The Immune System and Host Defense Against Infections



The Immune System and Host Defense Against Infections


Joseph B. Margolick

Richard B. Markham

Alan L. Scott



INTRODUCTION

The human immune system comprises a diverse array of cells found throughout the human body (Box 10-1) that protect it against the pathogenic effects of infectious organisms that may enter and threaten the body. The goal of this chapter is to describe (at a level appropriate for a non-immunologist) how this protection is provided. Astonishing insights into immunity have been realized in the last few decades, more than can be covered in an introductory overview chapter. Additional information is provided in feature boxes scattered throughout this chapter, along with referrals to other sources for those who may want to learn more detail. The last 30 years have been an exciting and challenging time for both immunology and infectious disease epidemiology. In this chapter, you will encounter the best of both worlds.

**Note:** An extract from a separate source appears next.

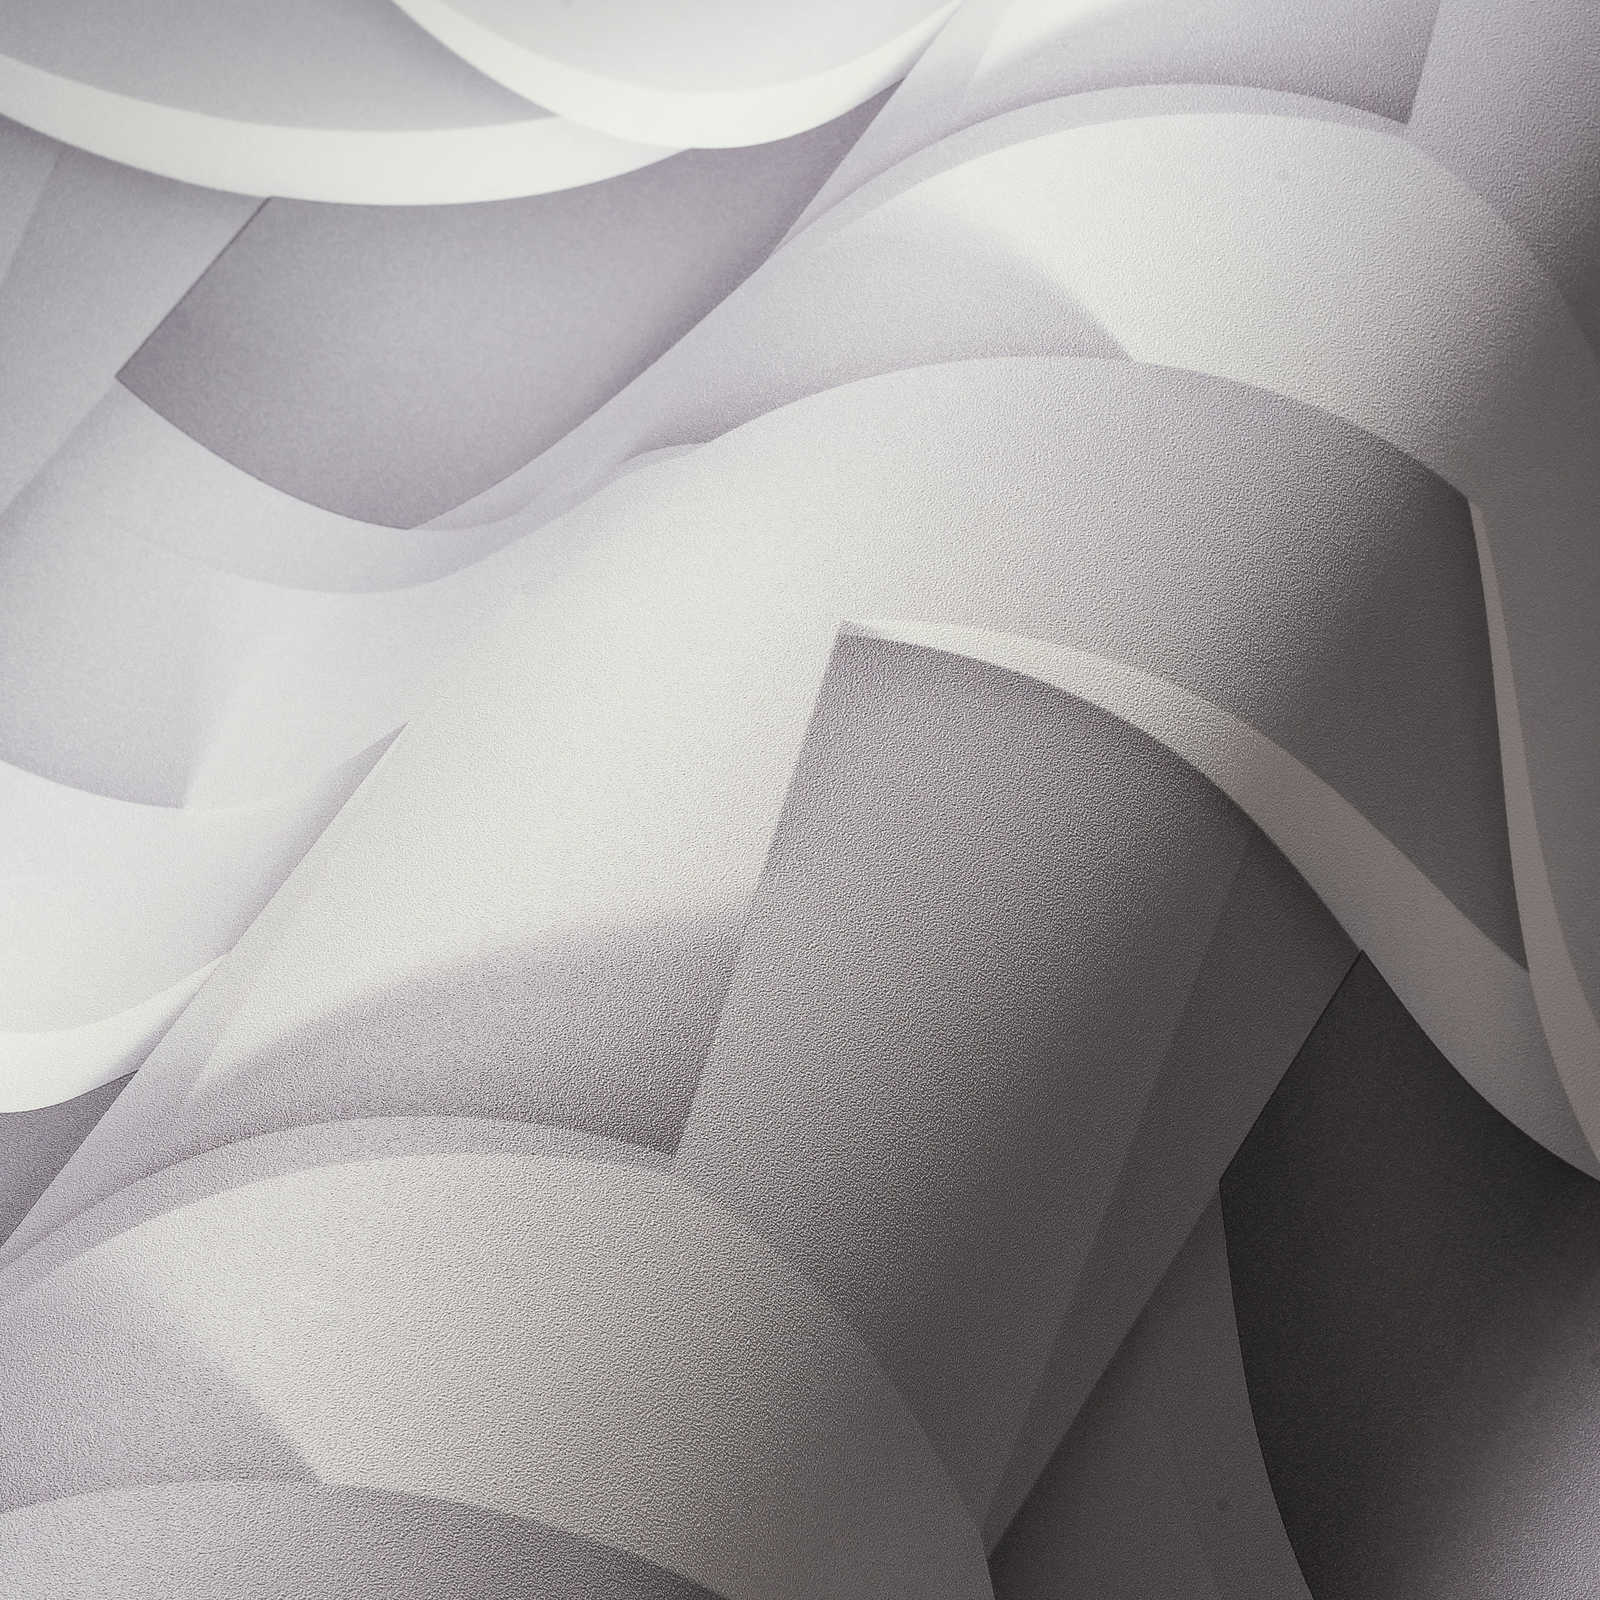             3D-behang lichtgrijs grafisch patroon met betonlook

Research on immune functions uses many experimental methods, both in vivo and in vitro. In many cases, immunogenic cells perform the same functions in tissue culture, where they are relatively easy to measure, as they do in the body. Because these functions are generally similar across the immune systems of humans and of other animals, inferences from animal models of disease often have direct applicability to human host defense and immune function. Moreover, the advent of modern molecular microbiology and recombinant DNA methods has made it possible to isolate and characterize many of the molecules produced by immune cells that regulate and/or mediate the functions of the immune system, and also to gain insight into the functions of these molecules in animal models by inserting or deleting (“knocking out”) the genes that code for these molecules. These studies have revealed a complex and dynamic interaction between cells of the immune system and pathogens.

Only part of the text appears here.